Netania grew up with Russian and then Israeli folksong in her artistic veins. This may well account for her avoidance in this context of operatic convention which in other throats so often suffocates these green-fresh songs. There was a time when every operatic diva, actual or presumptive, of the seventies seemed to grasp a selection of the Auvergne songs and stamp their identity into and on them. While de Los Angeles, von Stade, Bayo and Gomez have their moments Davrath stands supreme in any company.
The Auvergne songs, first performed in 1924 at the Concerts Colonne in Paris, are in local dialect. Davrath, fluent in eight languages, had six months of study with a language coach to secure an authentic approach to pronunciation. The New Songs are in straightforward French. Sung texts and translations appear side by side in the Vanguard booklet.
Davrath was not the first to record these songs. She was preceded by the great Madeleine Grey and the eleven she recorded in 1930 with Elie Cohen are to be had.
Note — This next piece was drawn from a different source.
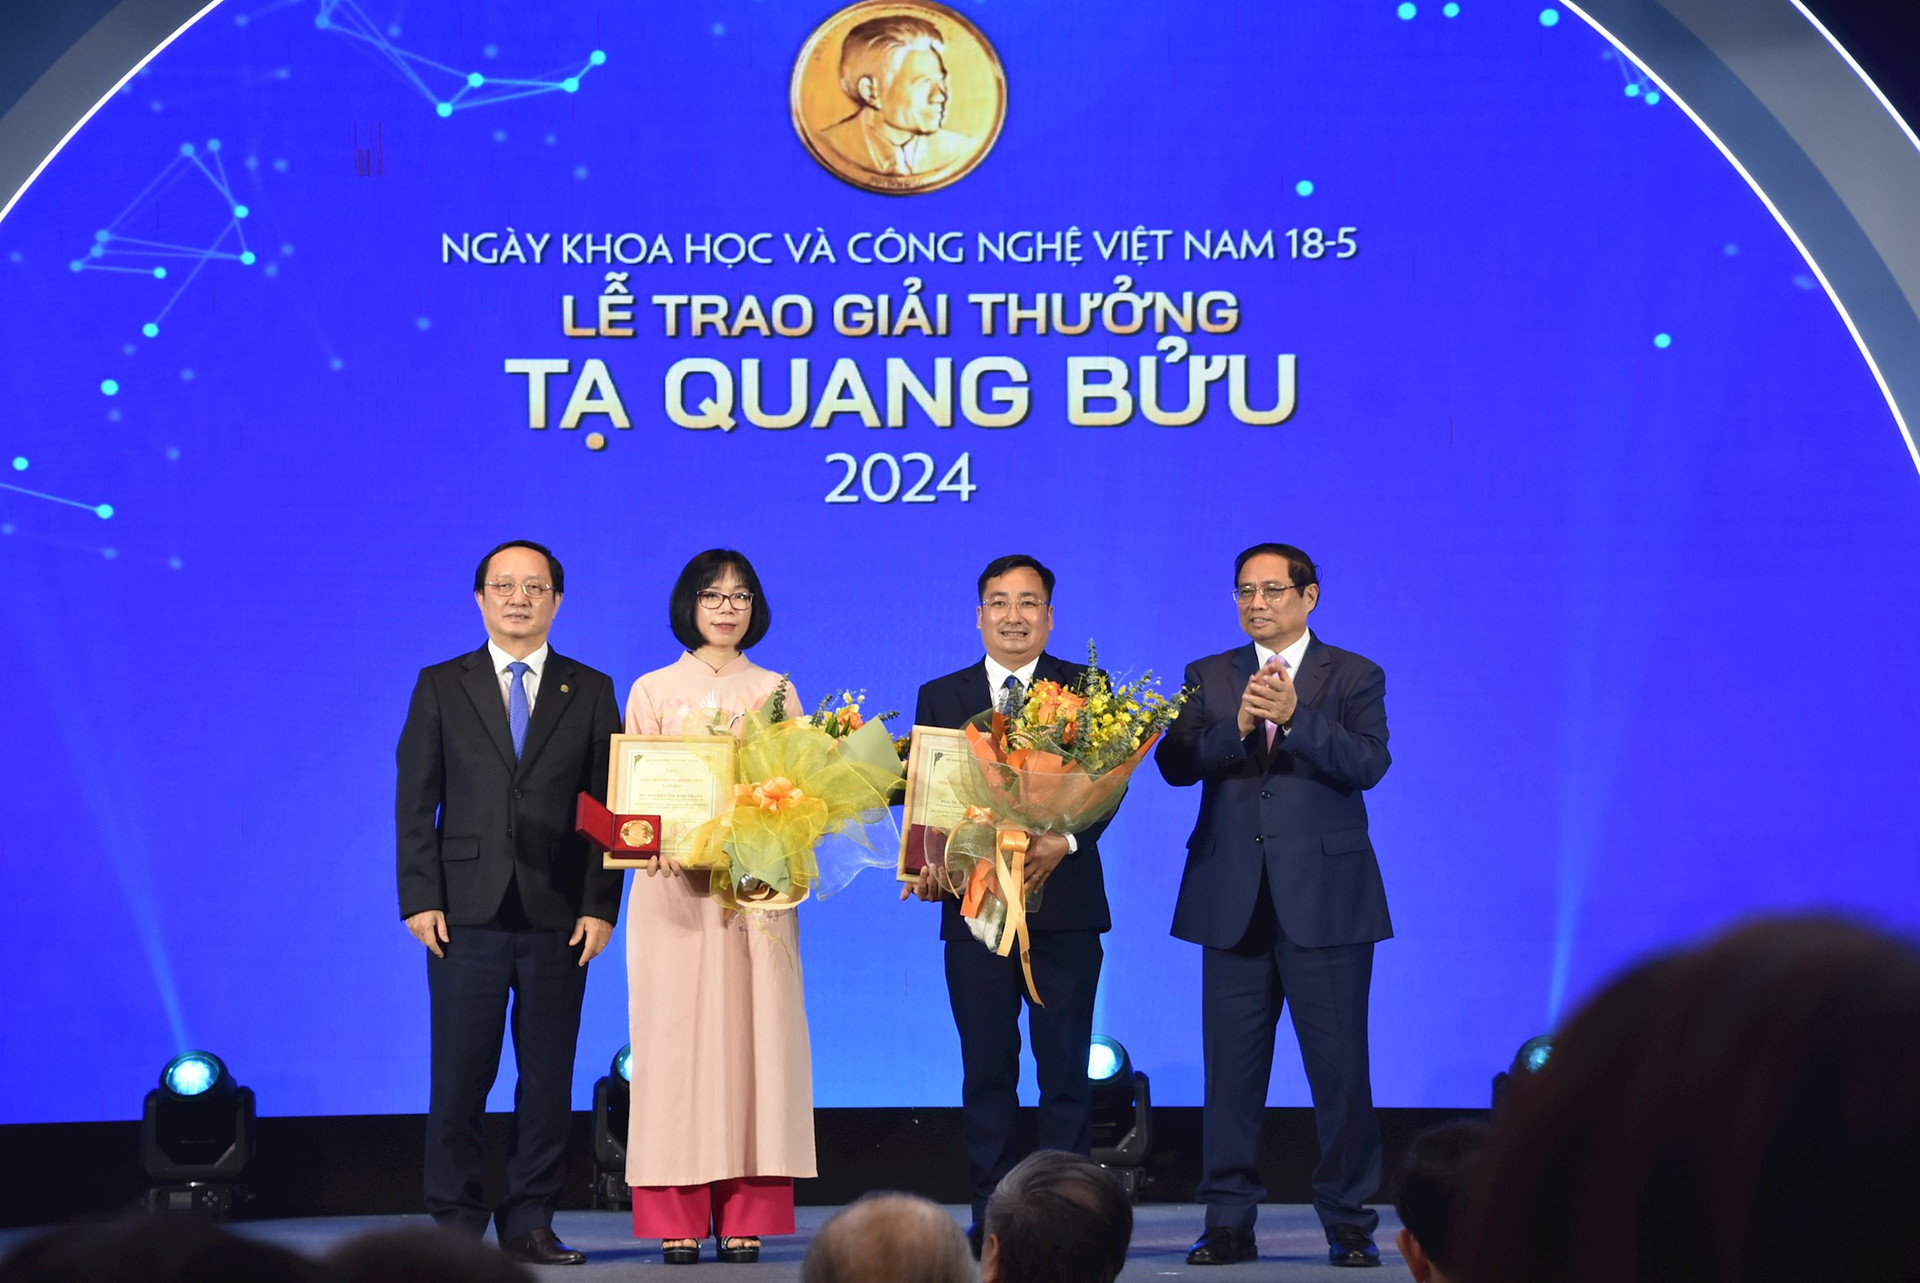 TS. Nguyễn Thị Kim Thanh – Viện Vật lý, Viện Hàn lâm Khoa học và Công nghệ Việt Nam được trao tặng Giải thưởng Tạ Quang Bửu năm 2024

Canteloube showed a very sure hand when arranging and orchestrating these gems. His skill bears comparison with Grainger’s without bring quite so oddball. Certainly when you compare Grainger’s handle on Shallow Brown and Brigg Fair with Canteloube’s dissections and reconstructions the same genius is at hand. The trick which both composers pull off while using classical apparatus is not to stifle the butterfly, birdsong, mist, escarpments, sun-dazzle, sheep calls and heat-haze of the originals. Canteloube works with an impressionistic palette, making the subtlest intensifying use of piano figures, flute, oboe and clarinet voicings. The lovely balance and touch of the instrumental gauze takes the lightest tincture from Ravel, d’Indy (Symphonie Cévennole), Roussel (Poème de la Forêt) and Bonnal. Who is Pierre de la Roche and why is the orchestra unnamed? Can anyone shed light on this?
Davrath’s voice has a lambent girlish quality which takes you to a land which has some parallels with the scenes of the novels of Marcel Pagnol (Manon des Sources). She is free from that modern and stultifying sine qua non of the ‘great’ soprano – vibrato. Her vocal production is pure but infused with warm feeling, endearment, affection, humour and sensuousness. She is elegant without gentility; folk-like, pristine and flamboyant.
She performed internationally in both opera and concert, interpreting composers from Bach to Verdi to the moderns.
Her career included appearances under Leonard Bernstein, Sir John Barbirolli, and Leopold Stokowski, and engagements with the New York Philharmonic, Chicago Symphony, the Aspen Festival, London Philharmonic, Israel Philharmonic, and the Boston, Chicago Lyric, and Tel Aviv Opera companies.
She made nearly a dozen recordings for Vanguard Classics.